On 7/25/2013 11:39 AM, Tom Burton-West wrote:
Hello,
I am running solr 4.2.1 on 3 shards and have about 365 million documents in
the index total.
I sent a query asking for 1 million rows at a time, but I keep getting an
error claiming that there is an invalid version or data not in javabin
format (see below)
If I lower the number of rows requested to 100,000, I have no problems.
Does Solr have a limit on number of rows that can be requested or is this
a bug?
That particular javabin error (expected 2, but 60) usually means that
the response it got was something other than javabin, typically HTML or XML.
I was going to say that you should hopefully get a more meaningful error
message from the server log, but it appears that what you included *IS*
the server log, so I'm really confused. The error message you're
getting is typically something you see on the *client* side.

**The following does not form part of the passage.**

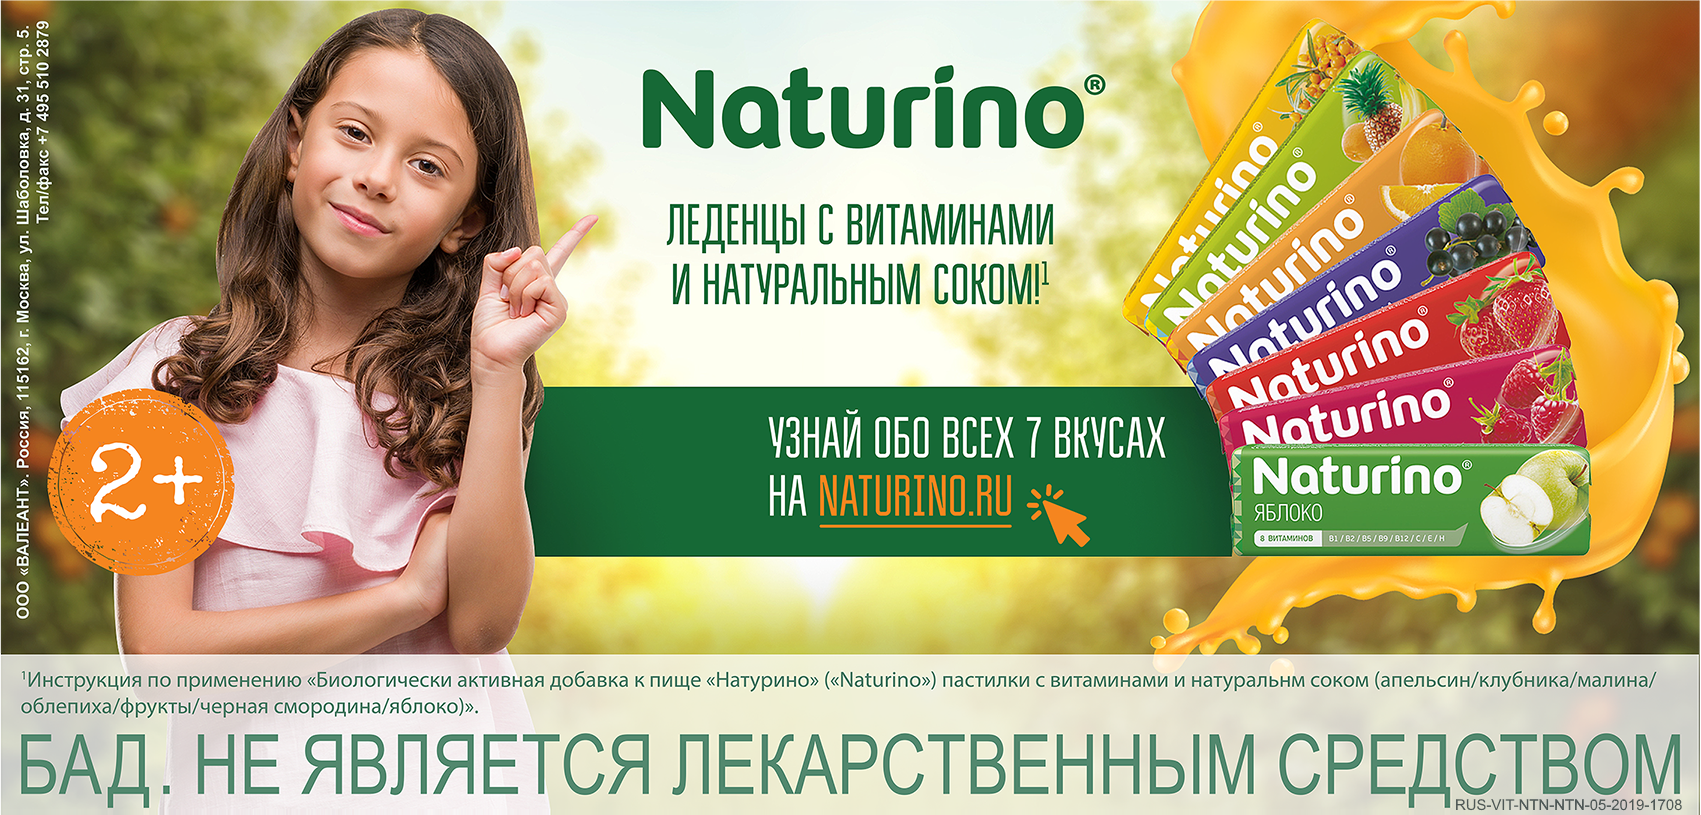 naturino.ru

After some testing on my server, I suspect that what's happening here is
that the initial shard query (the one with fl=uniqueKeyField,score) is
working, but then when Solr makes the HUGE subsequent requests for the
actual documents it is interested in, the list is too big to fit in the
server-side POST buffer, which defaults to 2MB. Those queries need to
be big enough to include an "ids" parameter that is a comma-separated
list of values from your uniqueKey. In my case, each of those values
could be 32 characters, so the id list could be up to 33MB for a million
of them. Most of them are significantly shorter, so a 32MB buffer would
be big enough.
Either multipartUploadLimitInKB doesn't work properly, or there may be
some hard limits built into the servlet container, because I set
multipartUploadLimitInKB in the requestDispatcher config to 32768 and it
still didn't work. I wonder, perhaps there is a client-side POST buffer
limit as well as the servlet container limit, which comes in to play
because the Solr server is acting as a client for the distributed requests?
Thanks,
Shawn